Submitted by the Baylor College of Medicine….
Make sure you don’t land on Santa’s naughty list for overindulging in all of your favorite holiday foods. A Baylor College of Medicine family physician says staying active is the best way to counteract holiday calories, plus he offers some more expert advice.
“On average, between Thanksgiving and New Year’s people can gain about 1 to 2 pounds,” said Dr.
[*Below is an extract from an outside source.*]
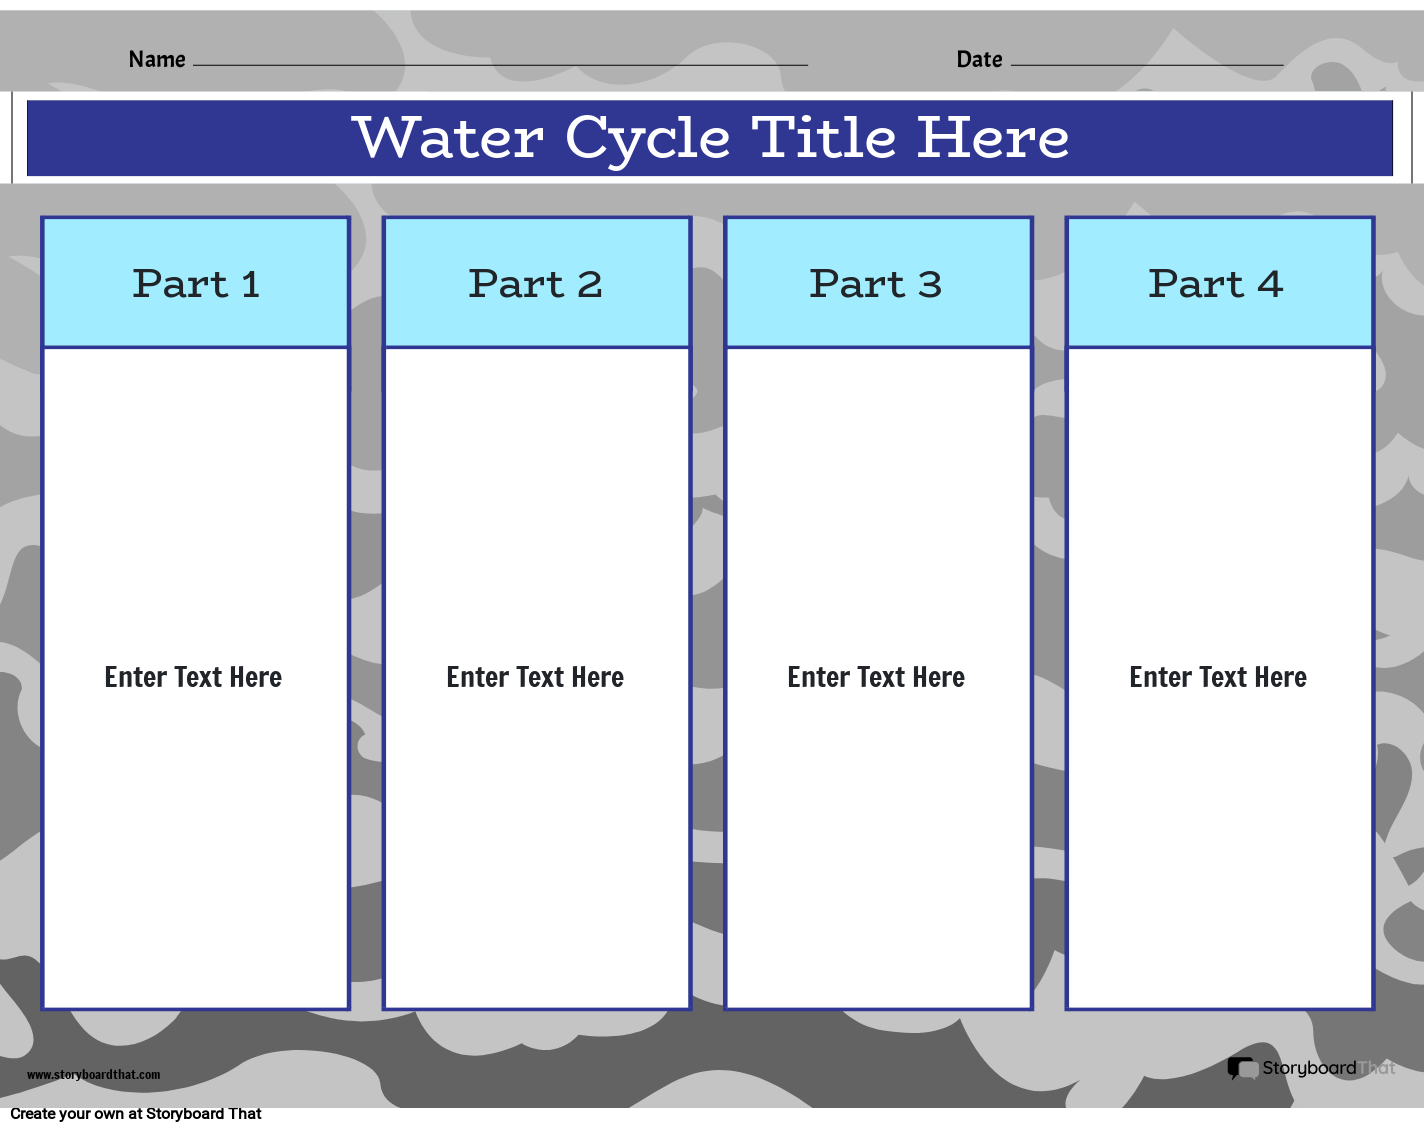 Four Phases of the Water Cycle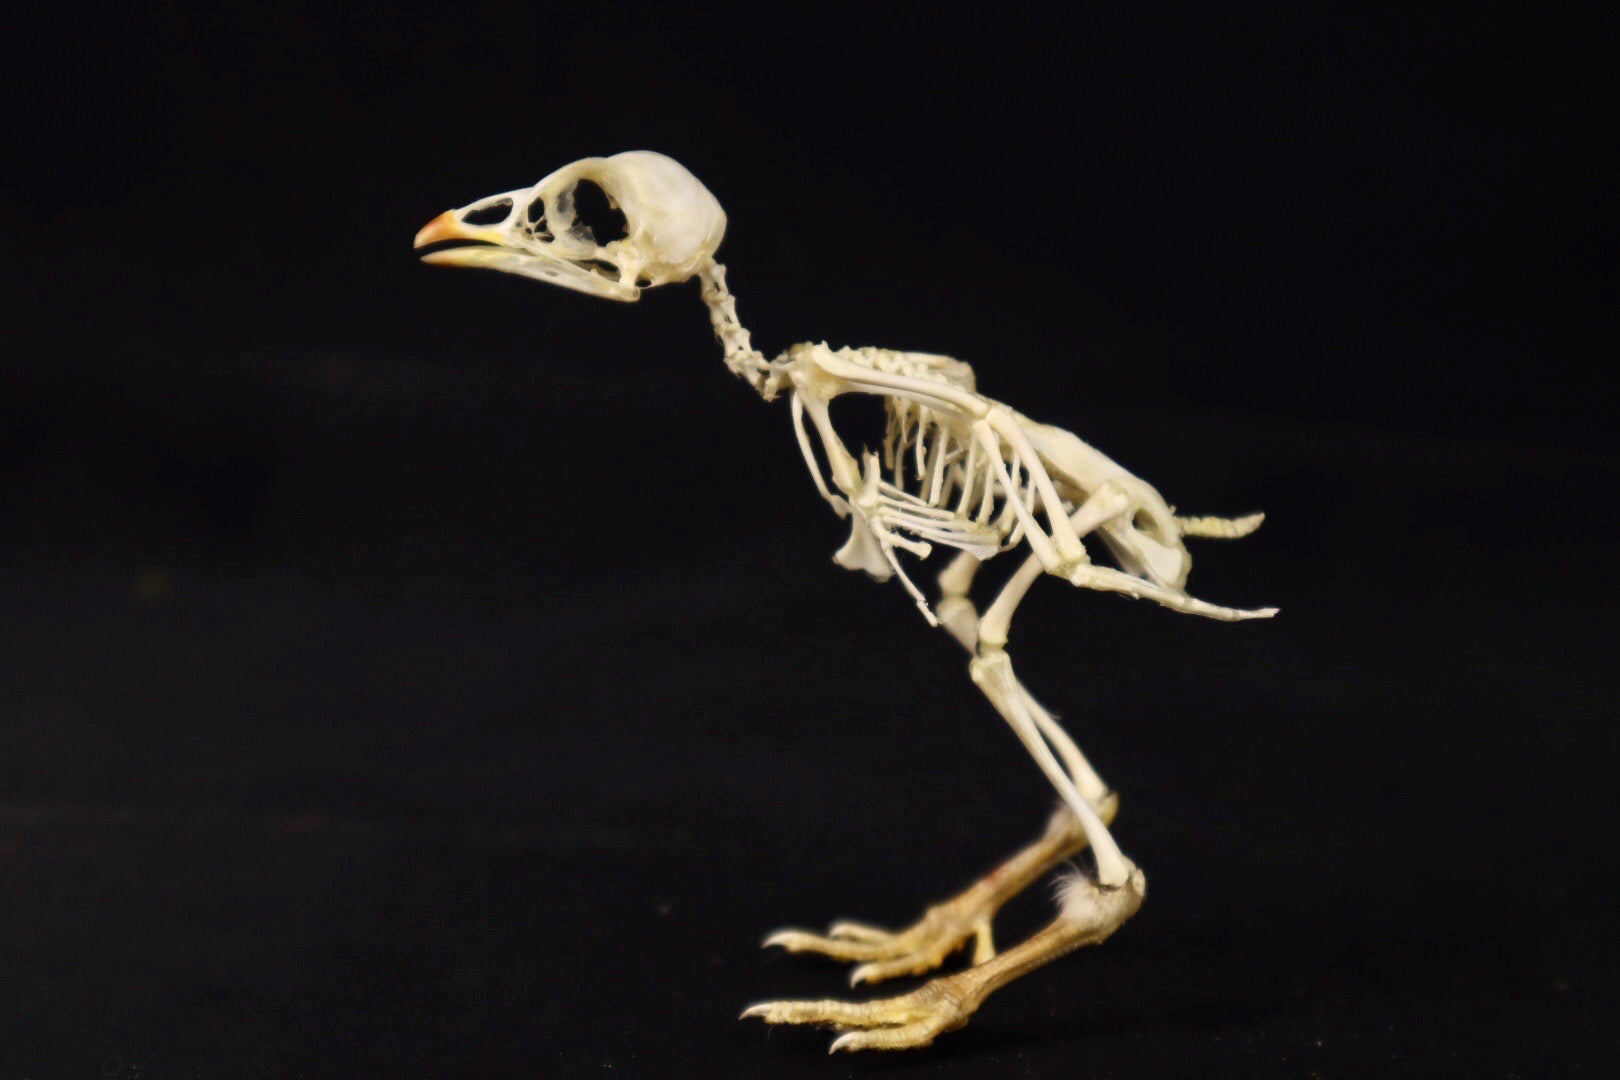 Sub-Adult Chicken Articulation in Glass Display Case

Irvin Sulapas, assistant professor of family and community medicine and primary care sports medicine physician at Baylor. “It doesn’t sound like a lot, but it can make a difference five years down the road.”
Sulapas offers three essential tips on how to get an early start on your New Year’s resolution and work off holiday eating.
Although the holidays may seem too busy to fit in a workout, there are ways to stay active during the season so you can enjoy holiday foods while also burning some calories.
“In many parts of the country, the weather is a lot nicer for being outdoors,” Sulapas said. “This is the time of year where there are a lot of fun runs and 5k walks. People’s kids are also home for the holidays so it’s a good time to be with family, be outdoors and get a little movement.”
If the weather is not conducive to being outdoors, Sulapas recommends finding time to visit an indoor gym for resistance training or cardio. He adds that walking through the local mall or shopping center to holiday shop is another way to burn extra calories.
“Walking is a great form of exercise,” Sulapas said. “I have patients who say their goal for exercise during the holiday is just walking for an hour-and-a-half through the mall.”
Sulapas recommends trying to fit in exercise sometime before or after you have your holiday meal.
“Enjoy the holidays with family and try to find some activities where you can all be active together,” Sulapas said. “Go walk in the park or to the mall for holiday shopping together so everyone is getting out and getting some exercise.”
You do not have to miss out on all your favorite foods to avoid gaining weight during the holidays, Sulapas said. He recommends portion control all year around, even during the holidays so you can enjoy your meals without the guilt.
“Holiday foods are delicious but things that you can do when you have a holiday turkey, for example, is to try to eat a serving of turkey breast instead of dark meat or just pair it with small portion of dark meat, which will save you some calories,” Sulapas said. “The most important thing is to eat everything in moderation.”
If your portions are going to be bigger than normal during the holidays, Sulapas said the key is to stay active through any kind of exercise.
It’s just as important to stay consistent and motivated when it comes to exercise and being healthy throughout the year. Sulapas recommends regular exercise and eating everything in moderation before and after the holidays as well.
When it comes to New Year’s resolutions, Sulapas recommends aiming for shorter, smaller health and exercise goals.
“Consistency and staying motivated are always big factors,” Sulapas said. “What I usually recommend when someone is trying to lose weight is aim for shorter goals like aiming to lose 1 pound versus 5 to 10 pounds per week. If you aim for 1 to 2 pounds a week, I have seen people lose 20 to 30 pounds in a span of six months.”